On Sunday, July 25, hundreds of youth marched from Parque Metropolitano in the foothills of Quito, Ecuador, to Plaza San Francisco in the heart of the Old Town. There they met up with thousands more people who had come from across the Americas to attend the first ever Social Forum of the Americas.

The march was both a symbolic opening and closing. The festivities in Plaza San Francisco kicked off a week of workshops, panels, seminars and cultural exchanges meant to unite people from Canada to Argentina in their struggles for human rights. The march down through the centre of Quito also marked the official closing of the Campamento Juventud (Youth Camp), which opened July 21. People are still able to camp out until the end of the forum, but they will have to cook for themselves and there will be no more workshops.

Youth camps have become a tradition at the various social forums, both regional and global, providing a space for youth and others to meet and live together in a collectively-run area during social forums. The camps have come to cover two major needs of people attending social forums: a sense of community with the others attending the forum, and an affordable place to stay when hotel managers hike rates knowing their city will be teeming with thousands of foreigners for a week.

Looking back on the camp that brought together almost 600 campers, organizers say it was the small miracles that held the whole thing together.

With so many people arriving anywhere from the middle of the afternoon to the middle of the night, hesitance on the part of city officials to co-operate with the project and only five people officially on the organizing committee leading up to the camp, there was room for as many things to go wrong as went right.

The process to set up the camp, according to organizers Jose Phoano and Veronica Leon, both from Ecuador, was jumpy from the beginning. Although there were eventually 12 on the organizing committee once the camp started, it was up to only five individuals to go through the process of negotiating with the city and setting up all the logistics for the camp. Although much help was also given by the social forum organizing committee itself, the bulk of the resources needed had to be found from other places.

The most difficult task was finding a site for the camp. Parque Metropolitano lies on the outskirts of town, with little access to public transportation, particularly for early morning workshops, and about an hour’s walk from the site of the forum. Although the park offers more resources and space than many of the others in town, including bathrooms and a building converted into a gathering hall and convenience store, organizers were originally pushing for something much closer to downtown.

“The city was hesitant to have the camp set up downtown,” said Phoano. “We asked for water, sanitation, medical resources. The answer was always that they didn’t have any. As soon as we decided to go to Metropolitano, all of a sudden they could help.” Eventually, organizers were able to gather together just about everything they needed, including more than enough food supplied by local farmers to feed the campers staying there.

Another significant issue was that of collectively running the camp. While there was a team of people who organized logistics, the camp itself, like other youth camps, was meant to be run in a collective fashion. That meant pitching in with cooking, doing odd jobs, running workshops, etc. Organizers found it difficult to get as much help as was needed from campers, although everything got done in the end.

“There was a problem with decentralization,” said camper Ariane Blais from Montreal. A lot of what needed to be done either didn’t necessarily get transmitted to the campers themselves or received an ambivalent reaction from campers, she explained. “It was clear, though, that the organizers were working hard,” she added.

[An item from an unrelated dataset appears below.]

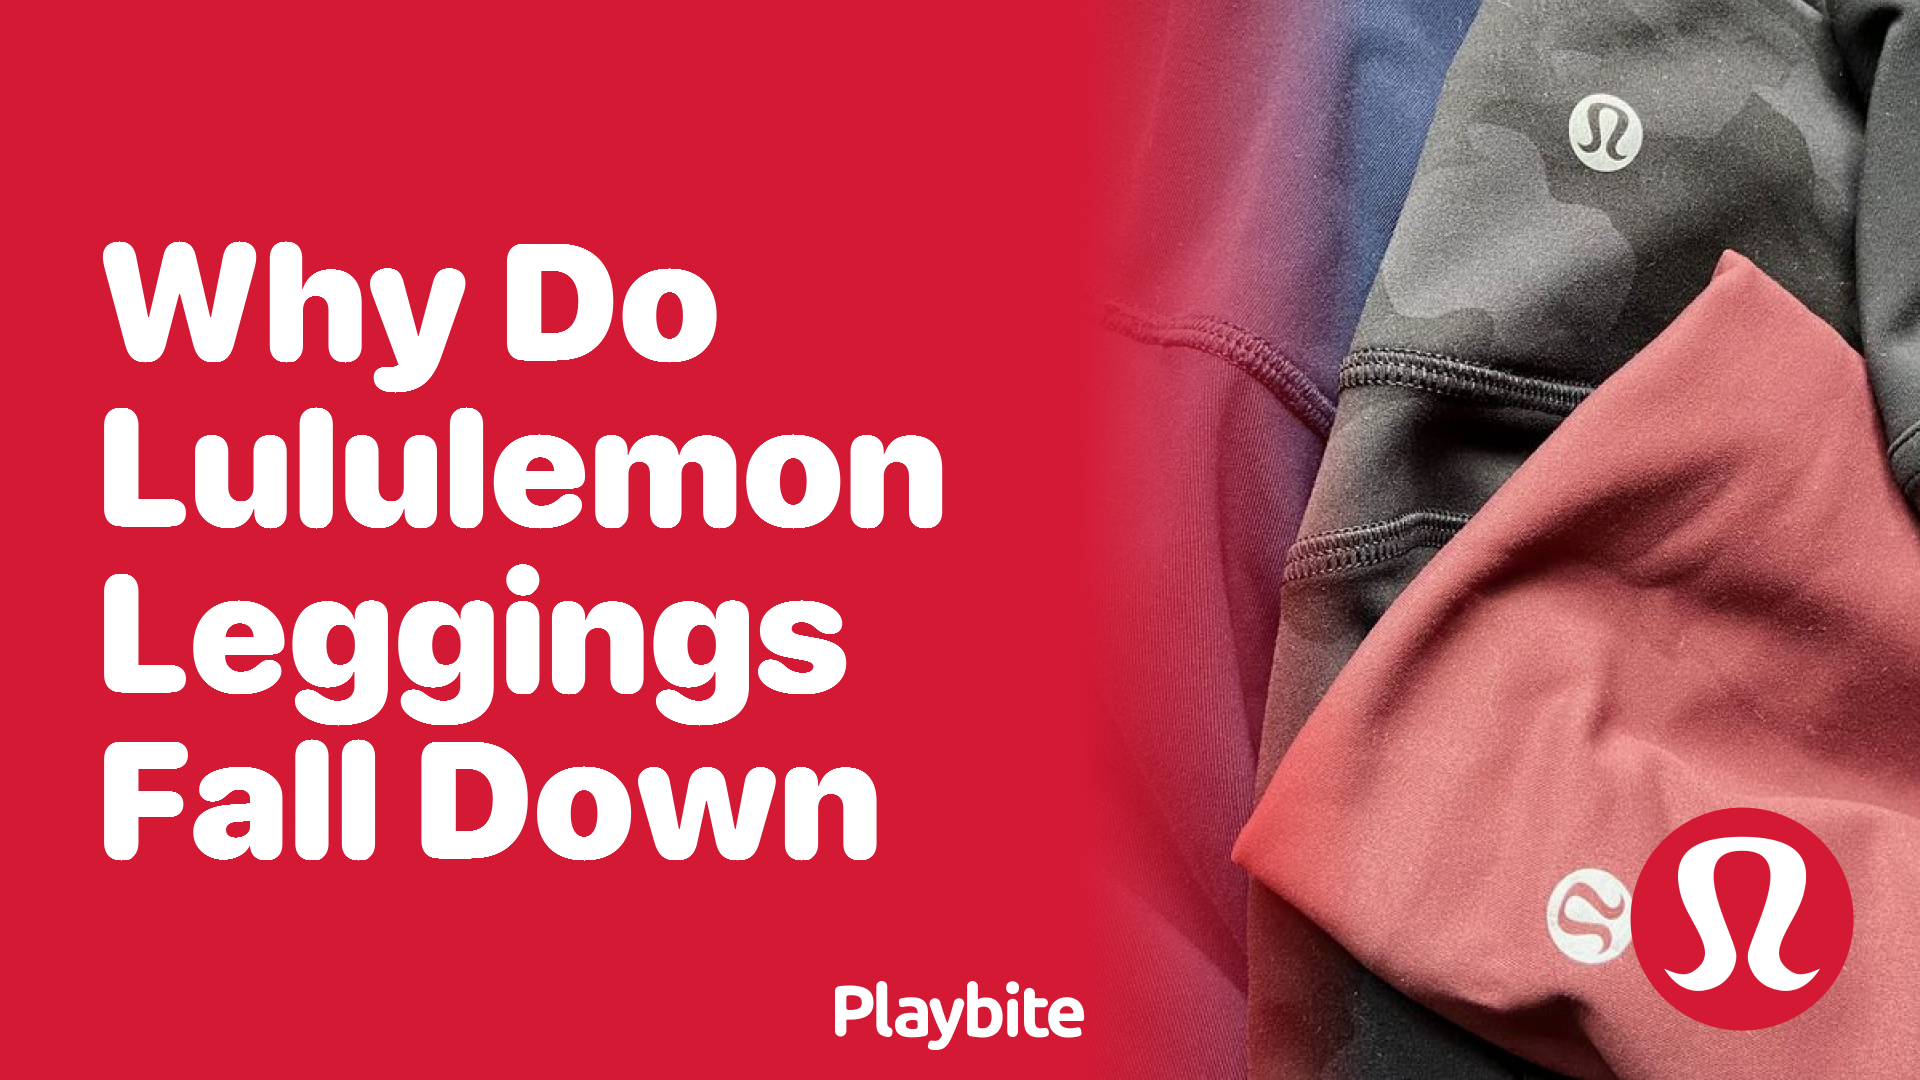 Why do Lululemon Leggings Fall Down? - Playbite

Andres Rueda, another camper from Armenia, Colombia, agreed. “It seemed that it was always the same people cooking. People saw what had to be done as tasks, not as part of their participation in the camp.”

Leon and Phoano agreed that this was one of the most difficult tasks they faced. “It was difficult to explain that collective working doesn’t end with washing your own dishes,” said Phoano.

“That’s one of the issues with collective organizing,” said Blais, 20. “You can’t just impose it on people.”

The camp also provided an area for those in attendance to exchange information both through autonomously organized workshops as well as simply sitting around the campfires, which happened early and often as soon as the sun went down each night around seven.

With a plethora of panels and seminars in the coming week, though, more social encounters often won out at the camp. Although there were still many workshops filled with challenging discussions, the possibility of simply meeting people who had lived different experiences and could provide new perspectives on one’s own experiences seemed to carry the day. These exchanges took place everywhere from the eating area on an outcrop looking out over the city below to the half dozen campfires where music from across the Americas flowed out long into the night. Although more structured exchanges may have been expected, little complaint was ever heard.

“I feel like I have been able to better discover where I fit in to the larger struggles in across the Americas,” explained Rueda. Being able to live in the same area as people from across the Americas for a week provided him with a chance to both build his understanding of the issues facing others and to connect with them on a much more personal level. “It meant a lot just to be able to look people in the eyes.”